The first victim, a 17-year-old Denver youth named Michael Sean O'Fallon, was killed on July 17. O'Fallon had been on a solo hitchhiking trip across the U.S. and Canada before his enrollment at college at the time of his murder. He had consumed both alcohol and Valium before he was strangled to death. O'Fallon's nude, body was discarded ten miles south of Salem. O'Fallon was listed on Kraft's scorecard as "Portland Denver", and his camera—inscribed with his mother's initials—was later found in Kraft's garage. The following day, Kraft is believed to have killed a 30-year-old Vietnam veteran named Larry Eugene Parks, whose body—clothed but missing both belt and shoelaces—was found beside a freeway shoulder in the city of Woodburn. Parks was listed as "Portland Elk" on Kraft's scorecard; he had ingested a toxic level of Valium and Tylenol before he was strangled to death with a ligature.

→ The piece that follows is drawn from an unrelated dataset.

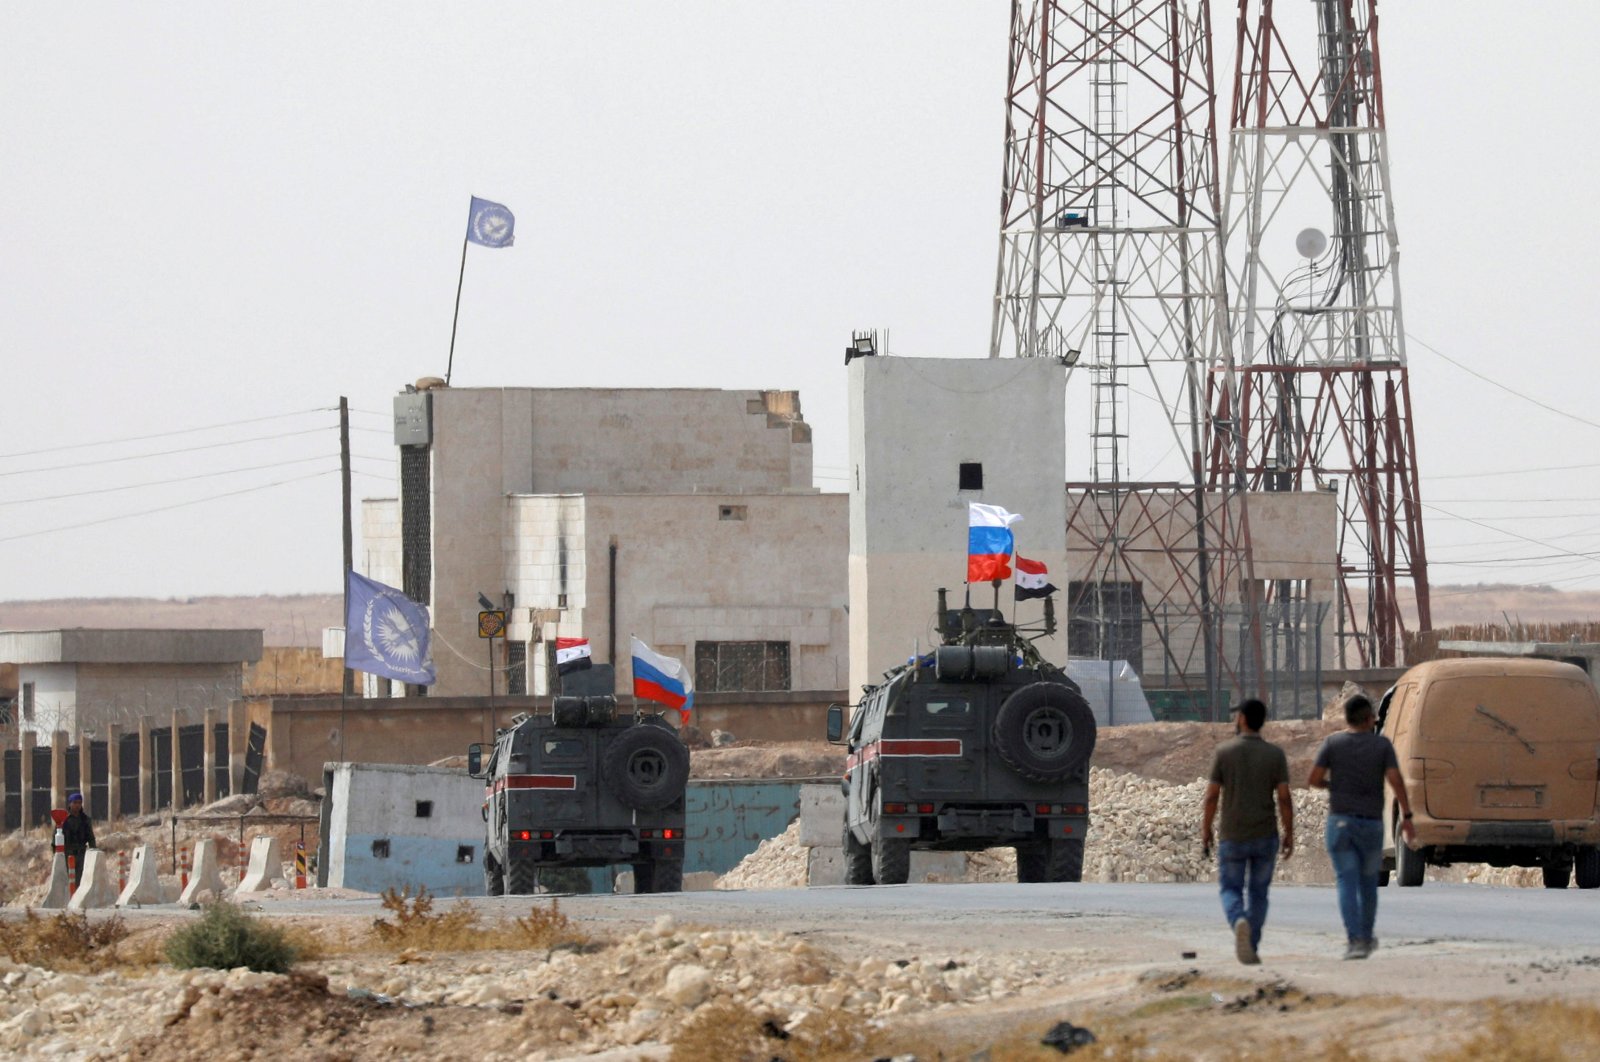 Russian and Syrian national flags flutter on military vehicles near Manbij, Syria, Oct. 15, 2019. REUTERS/Omar Sanadiki/File Photo

On September 3, 1980, one month after Kraft's return to California from Oregon, the bound body of a 19-year-old Marine named Robert Wyatt Loggins was found discarded in a trash bag close to the El Toro Marine air base. Loggins had last been seen alive by two fellow Marines close to the Pacific Coast Highway on August 23. Photographs—and the negatives—subsequently found in Kraft's possession show Loggins in Kraft's living room slumped fully clothed on his sofa, apparently intoxicated, and in various nude, pornography postures. All these pictures depict Loggins with his eyes closed; it is unknown whether the victim was alive or dead when they were taken..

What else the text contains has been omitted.